EXERCISE INSTRUCTIONS
What you give must be the lines from the one containing "Dana Point Harbor, California - Stock Image" through the last line of the listing below, exactly, with nothing else and no pictures.

SOURCE DATA
------------
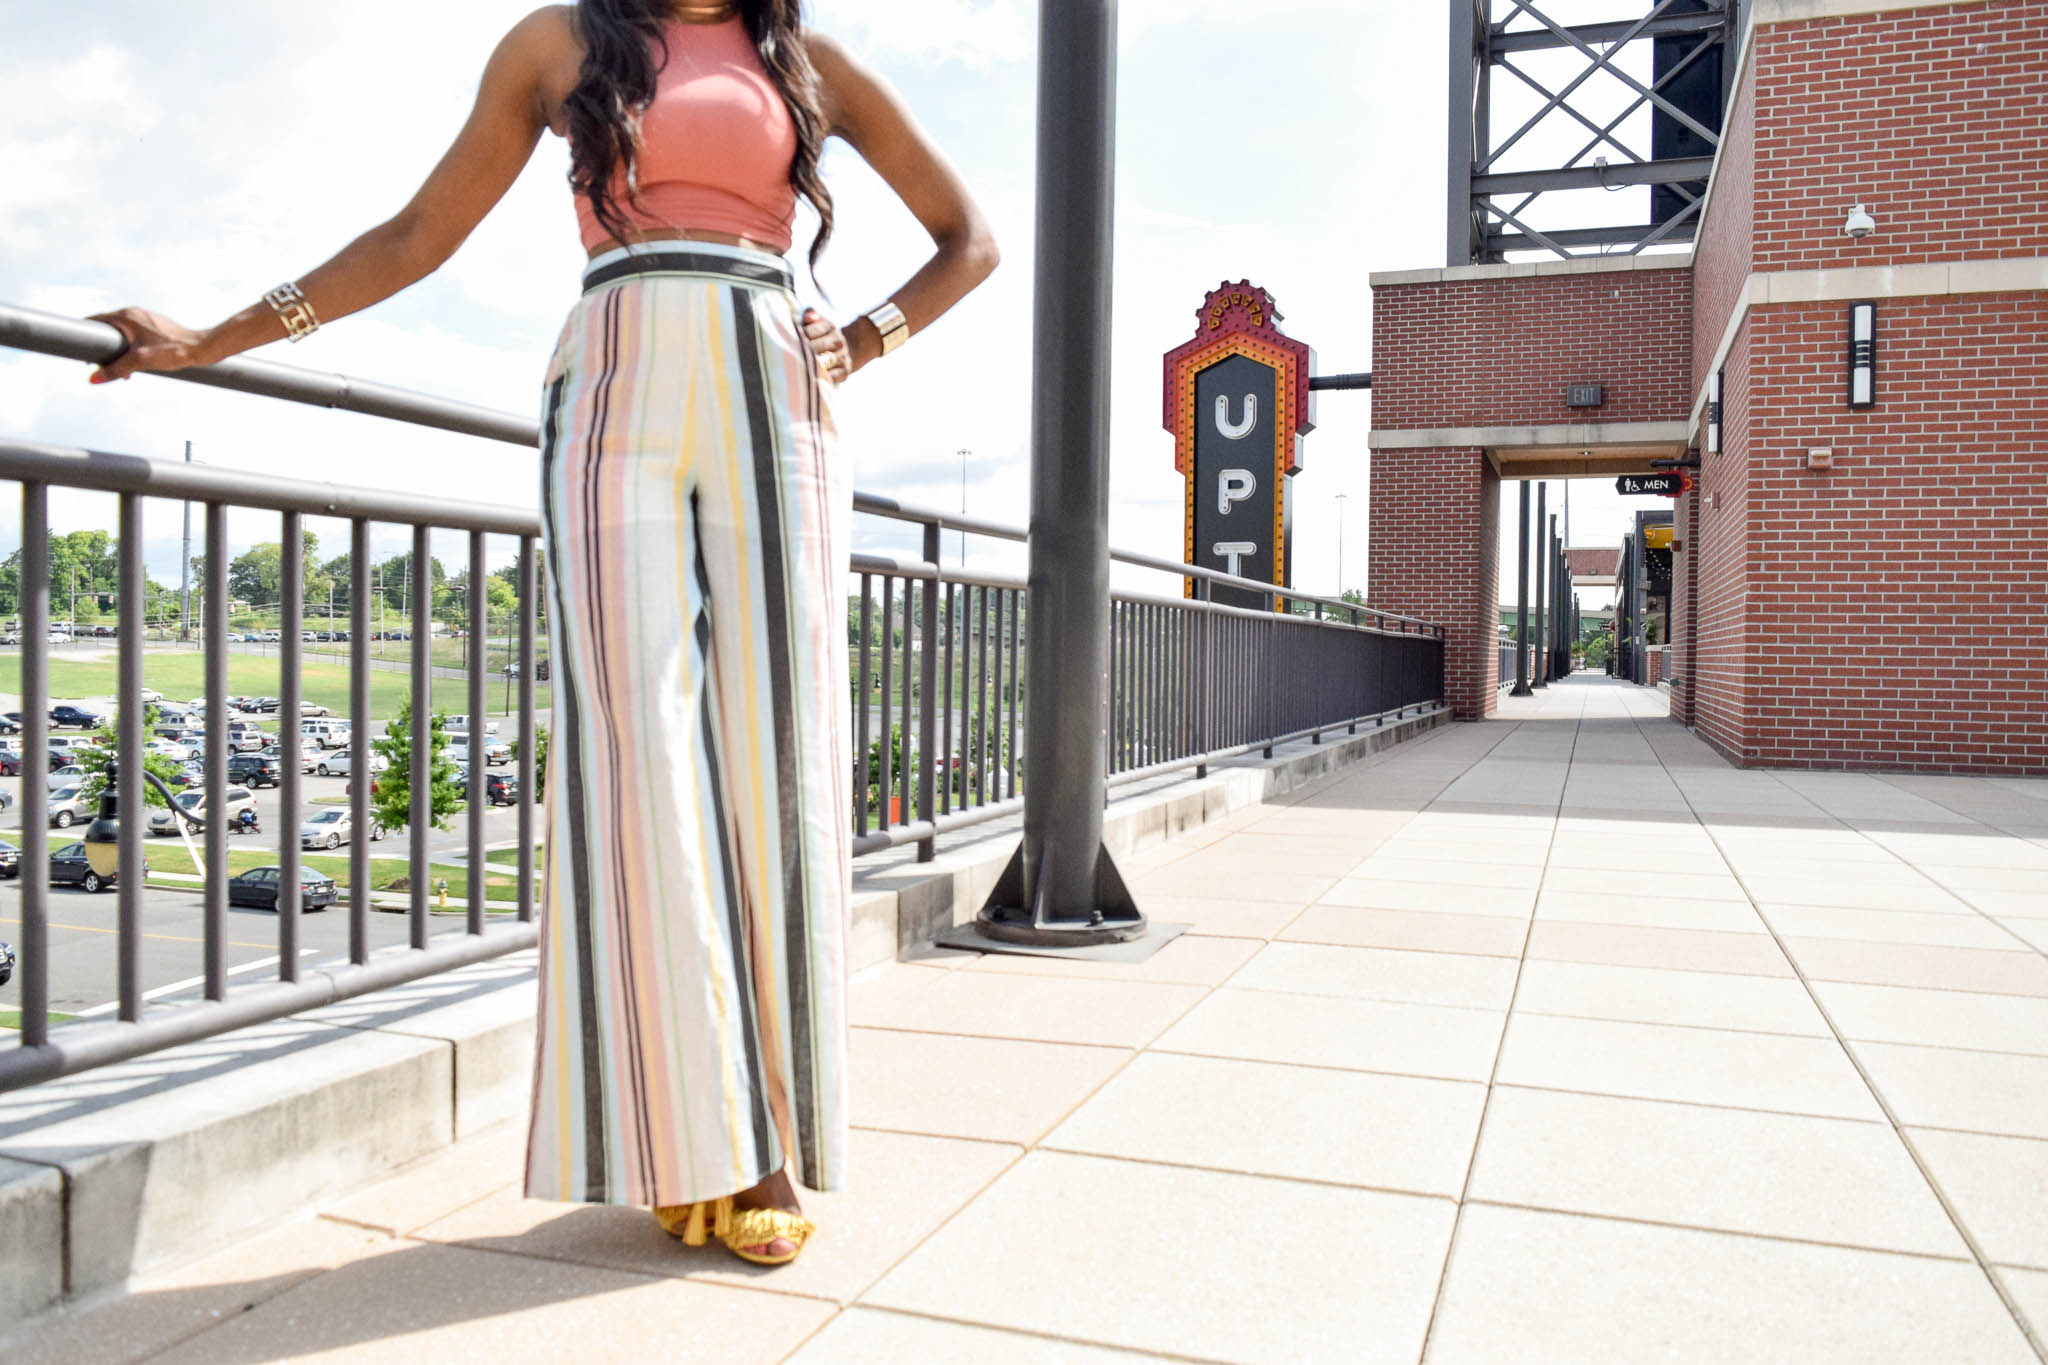 Style-files-target-Women Palazzo-Pant- Striped-  Xhilaration-Xhilaration-striped-wideleg-linen-pants-forever21-crop-racerback-tank-yellow-tayrey-fringe-heels-justfab-yellow-fringe-heels-how-oohlalablog-6
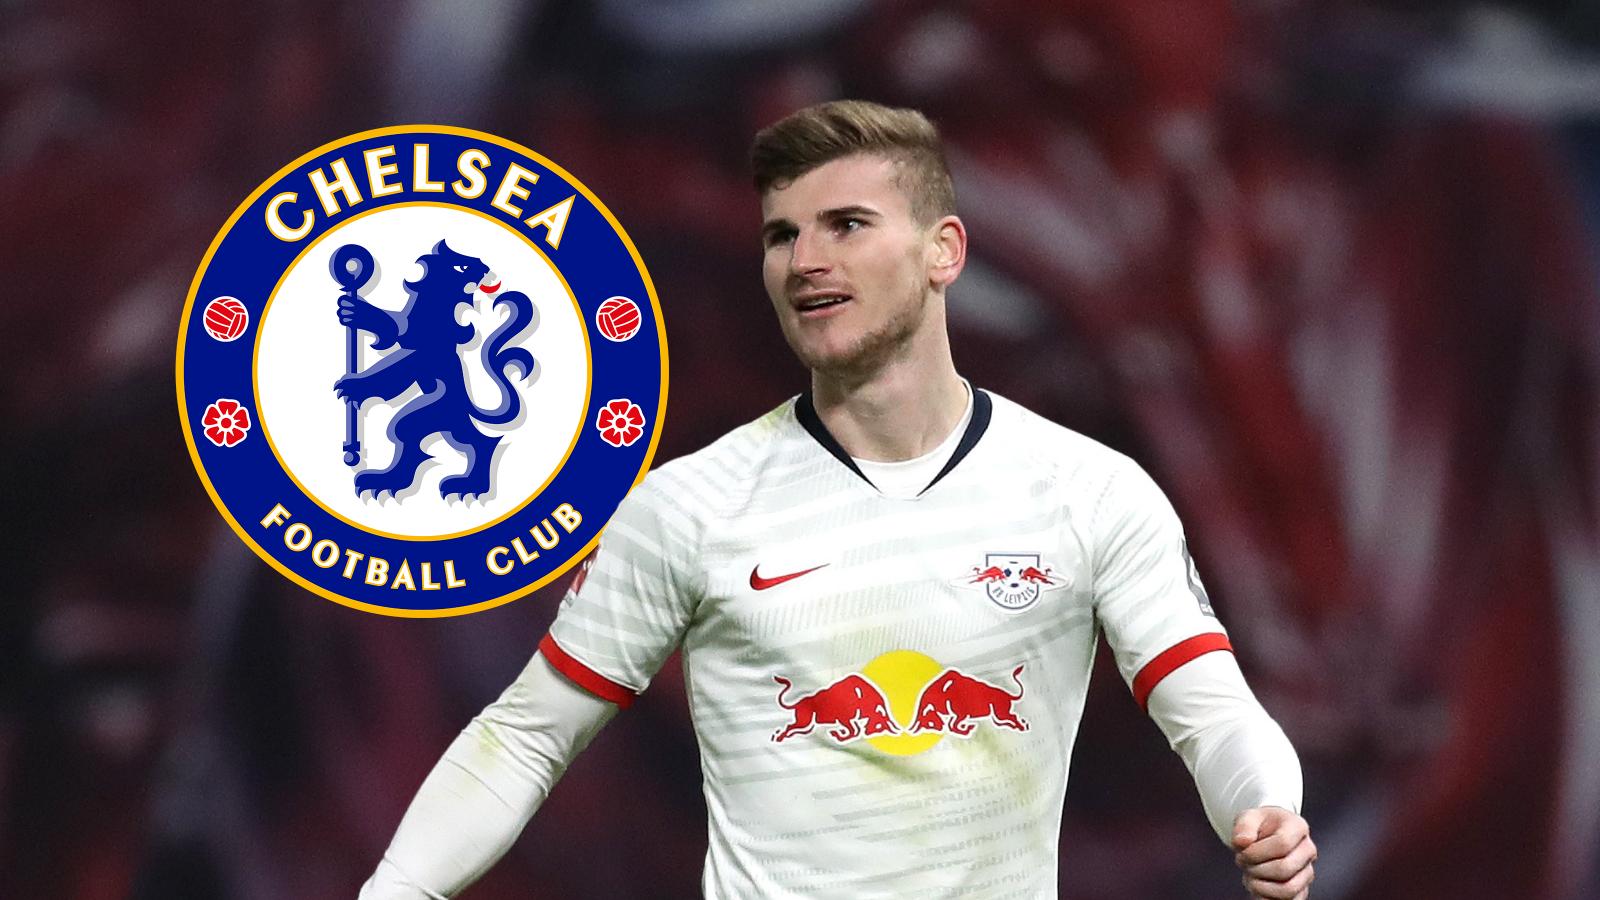 Chelsea complete signing of RB Leipzig striker, Timo Werner
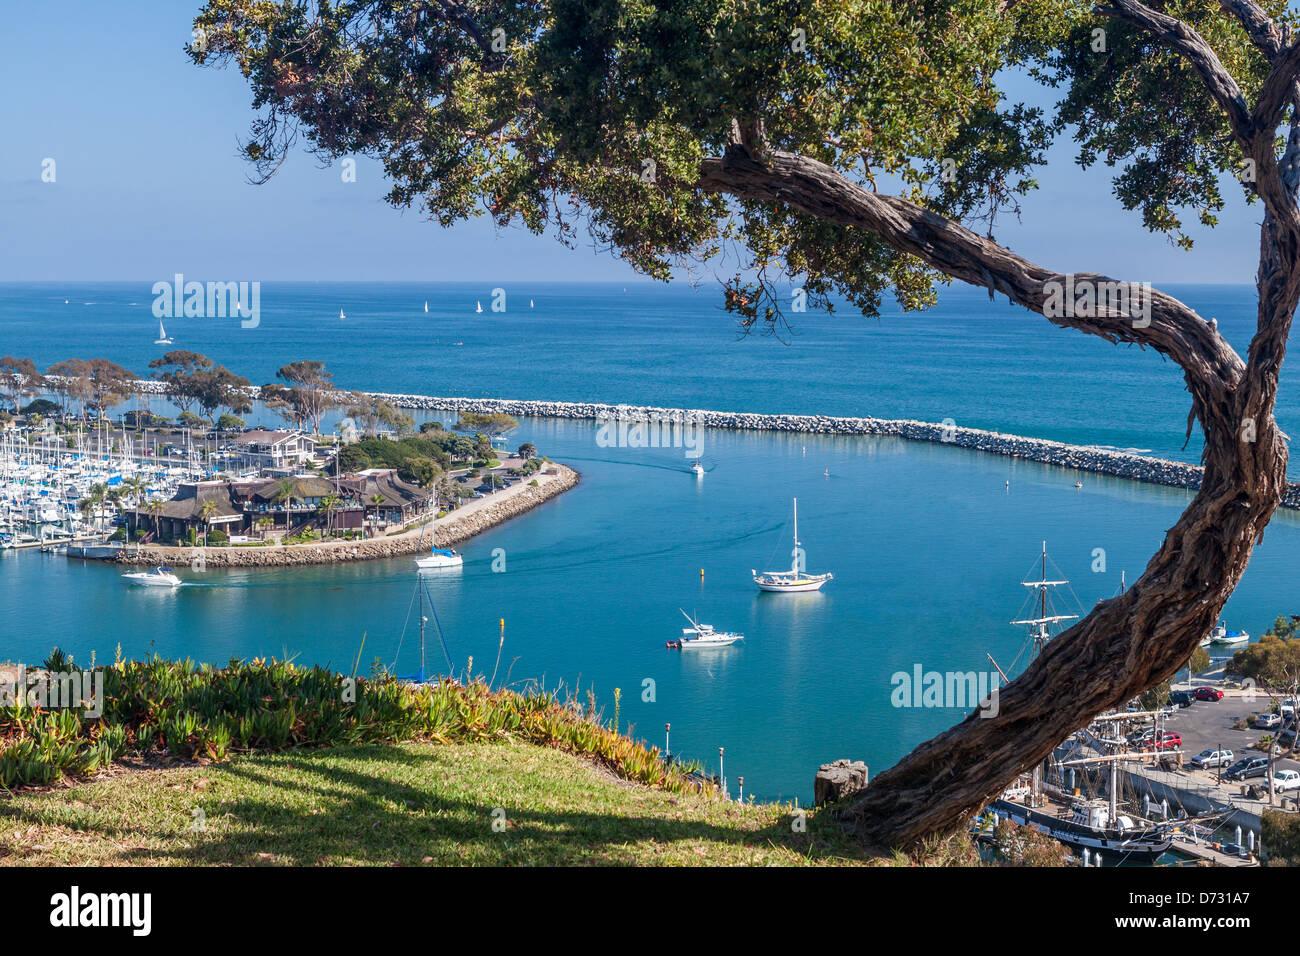 Dana Point Harbor, California - Stock Image
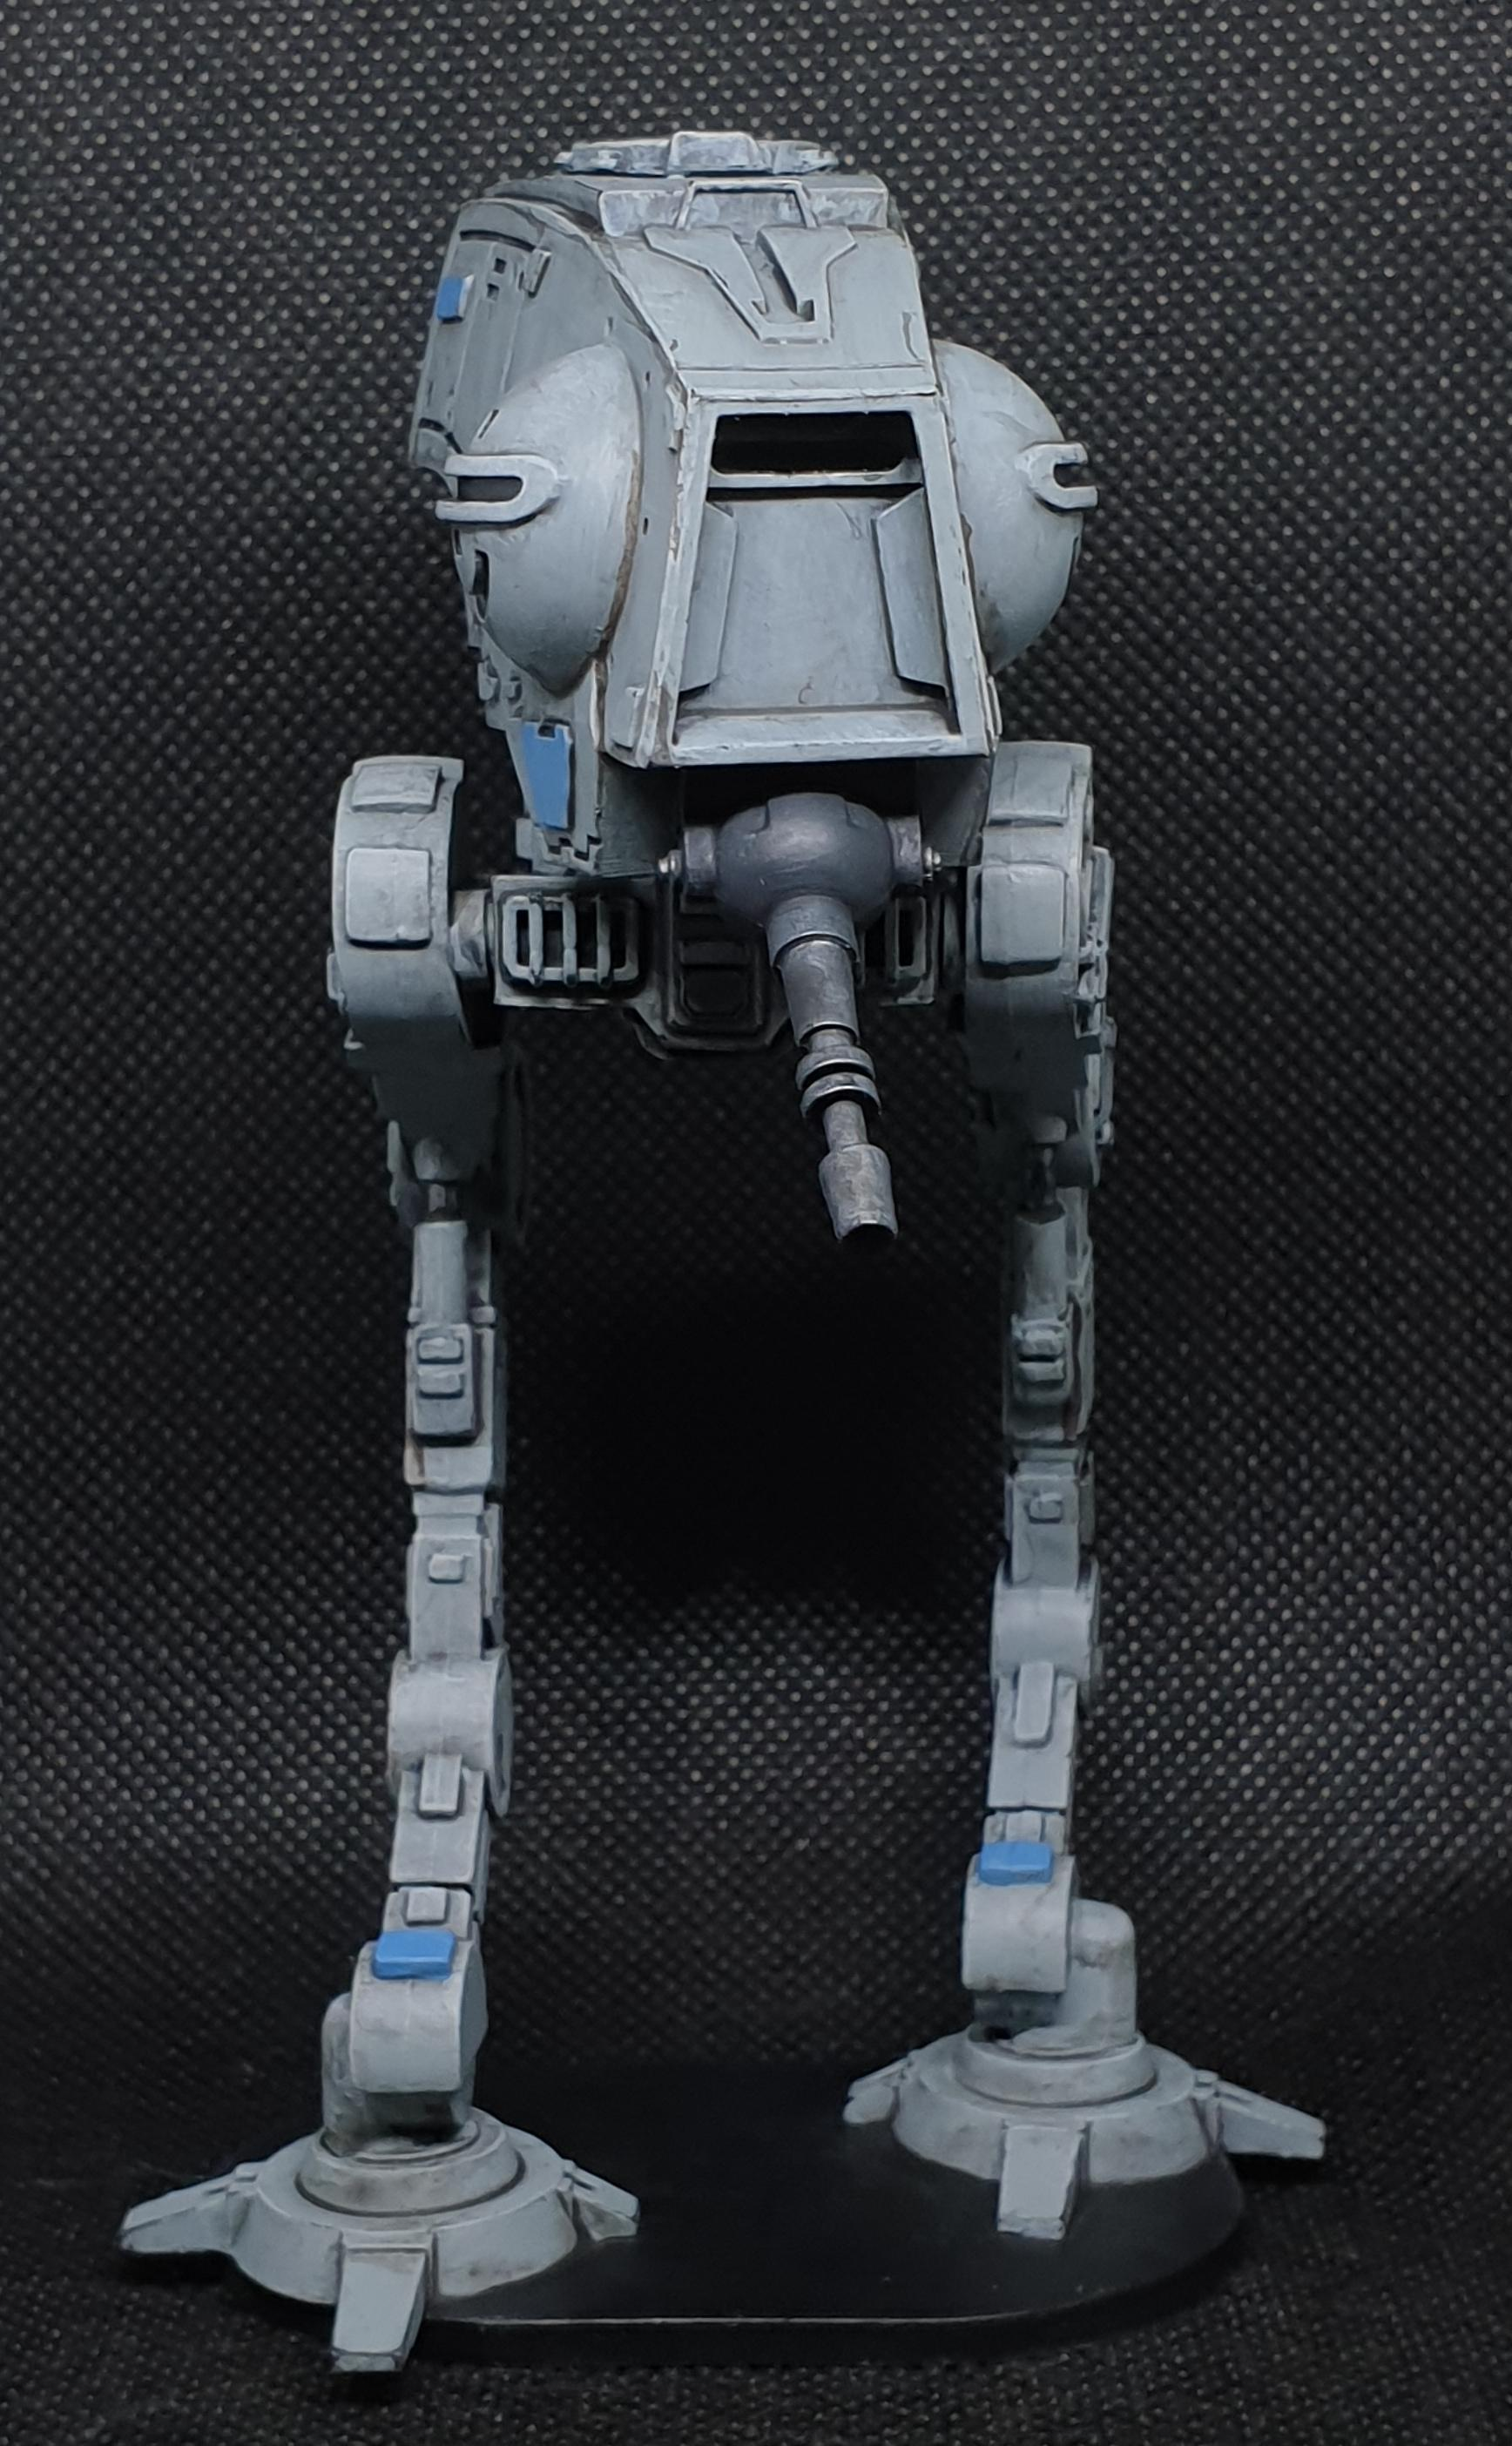 Imperial, Imperial Assault, Walker
------------
RESULT
 Dana Point Harbor, California - Stock Image
 Imperial, Imperial Assault, Walker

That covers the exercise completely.